- _Raw data_:
-----

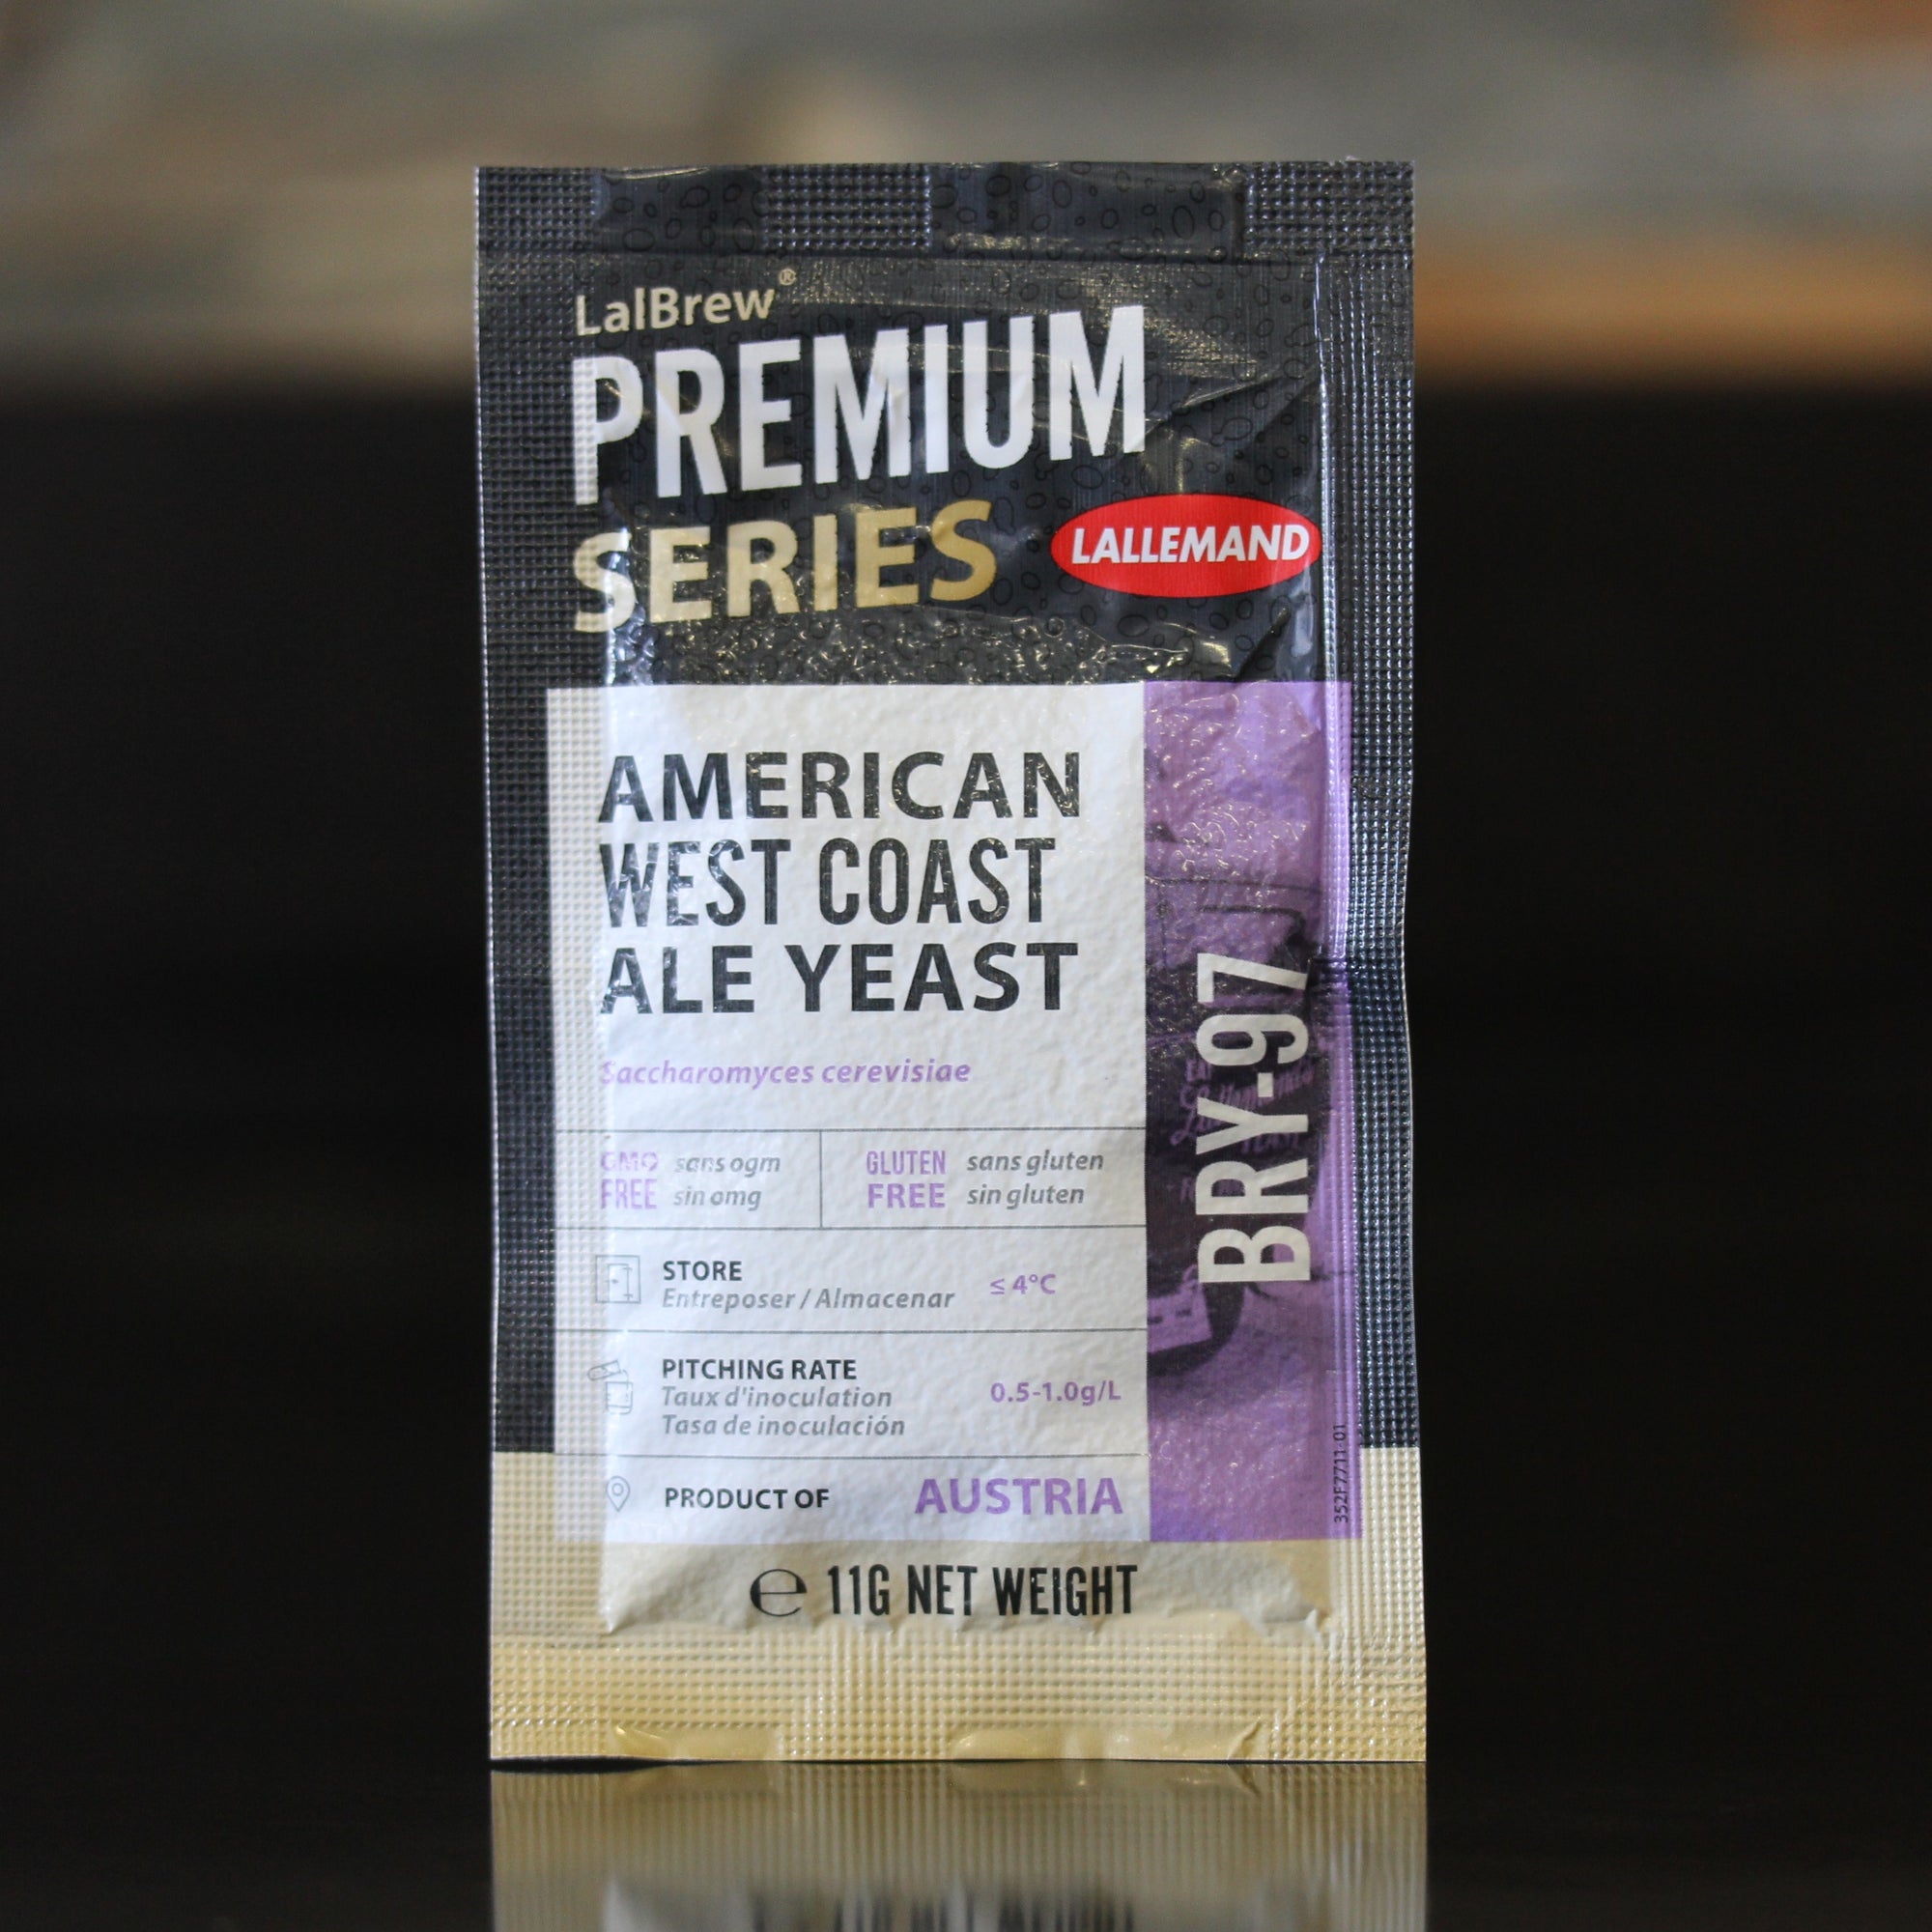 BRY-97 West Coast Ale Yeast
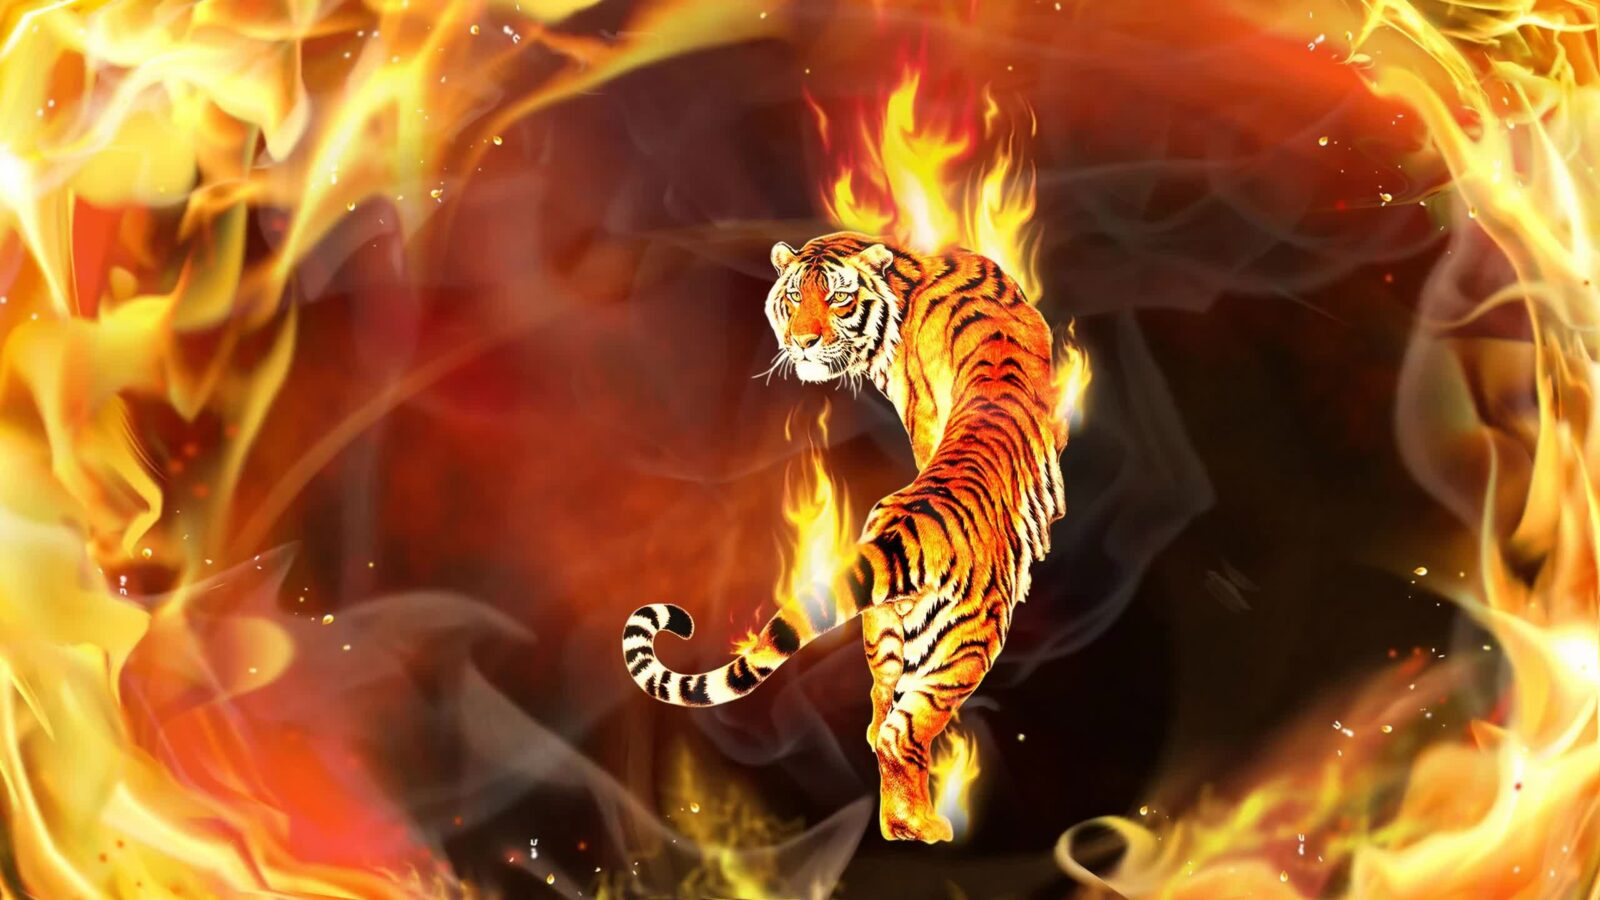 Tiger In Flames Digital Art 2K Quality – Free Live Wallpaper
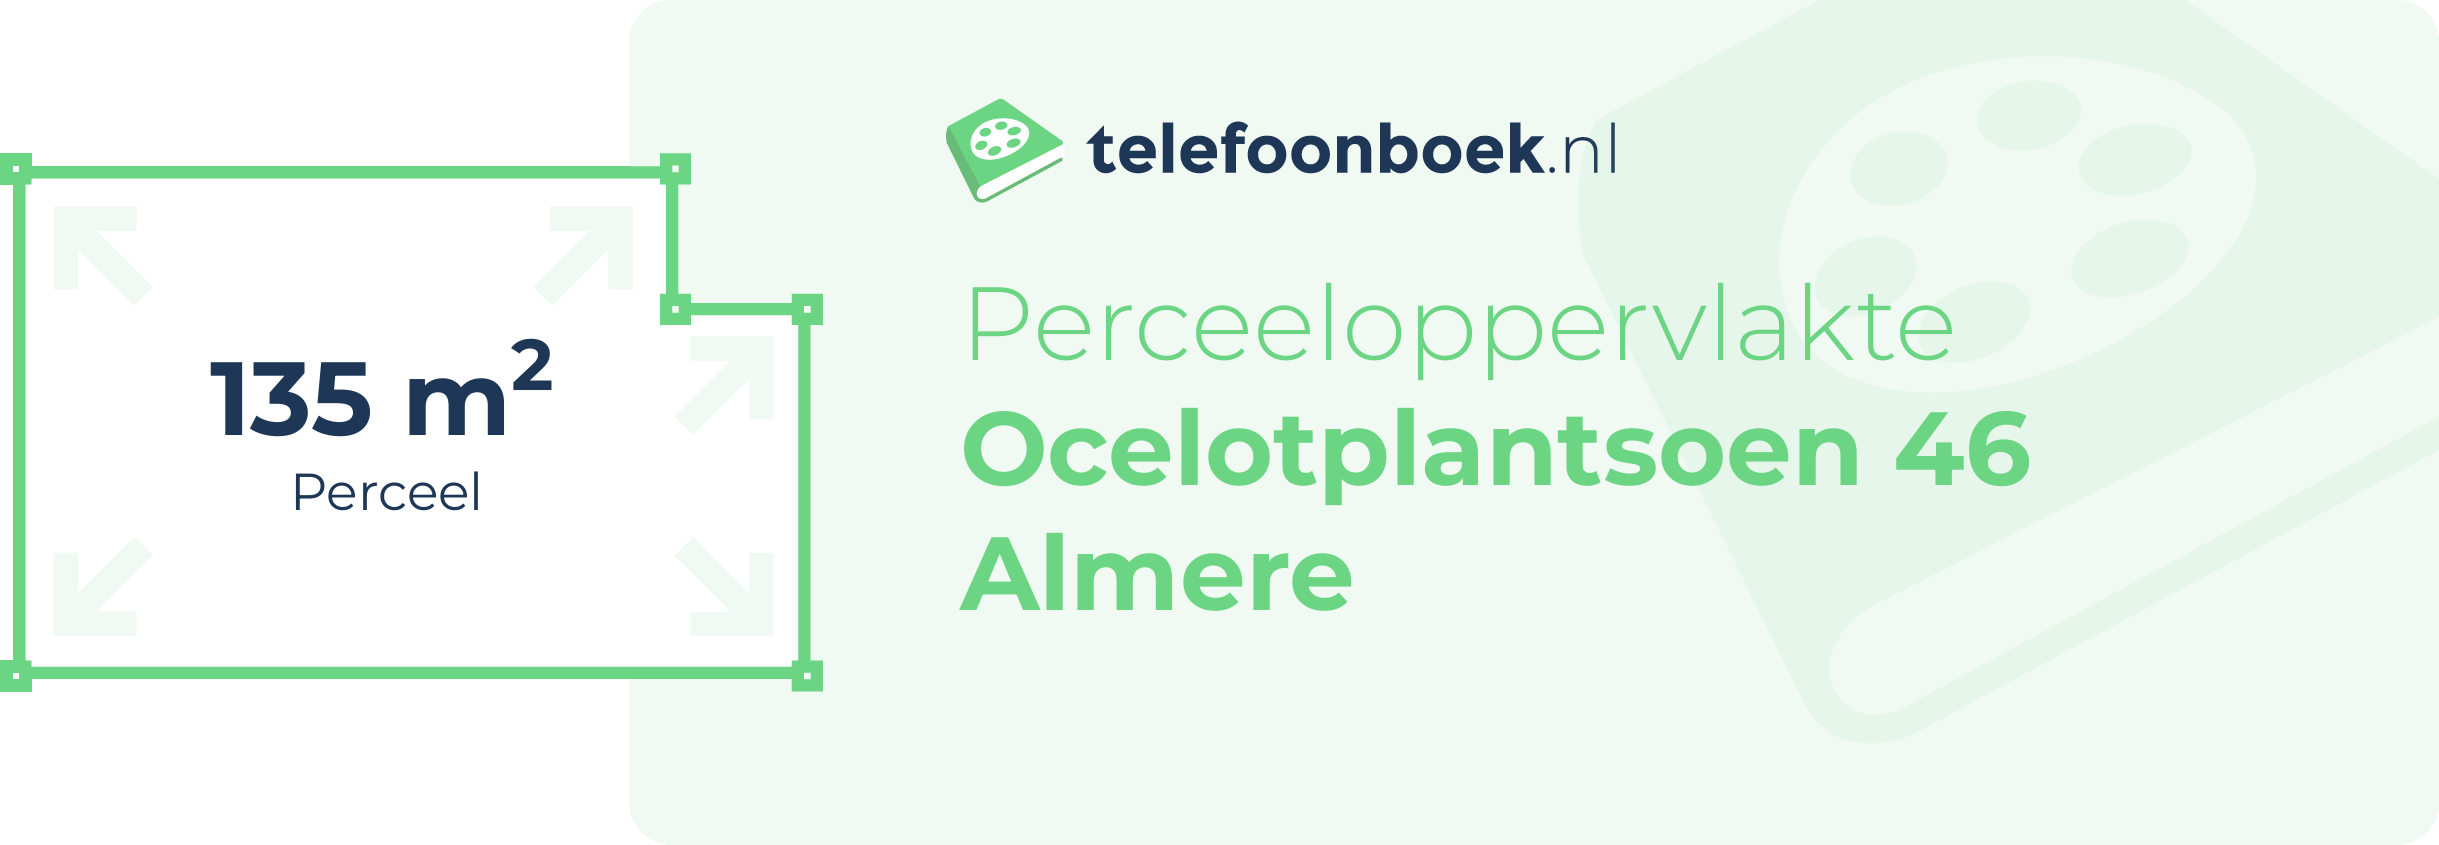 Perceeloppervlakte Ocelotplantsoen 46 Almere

-----

The lines to be extracted begin at the line containing "Tiger In Flames" and continue through the final line of the material above, both ends included. Reproduce them exactly, without the pictures.

- _Output_:
 Tiger In Flames Digital Art 2K Quality – Free Live Wallpaper
 Perceeloppervlakte Ocelotplantsoen 46 Almere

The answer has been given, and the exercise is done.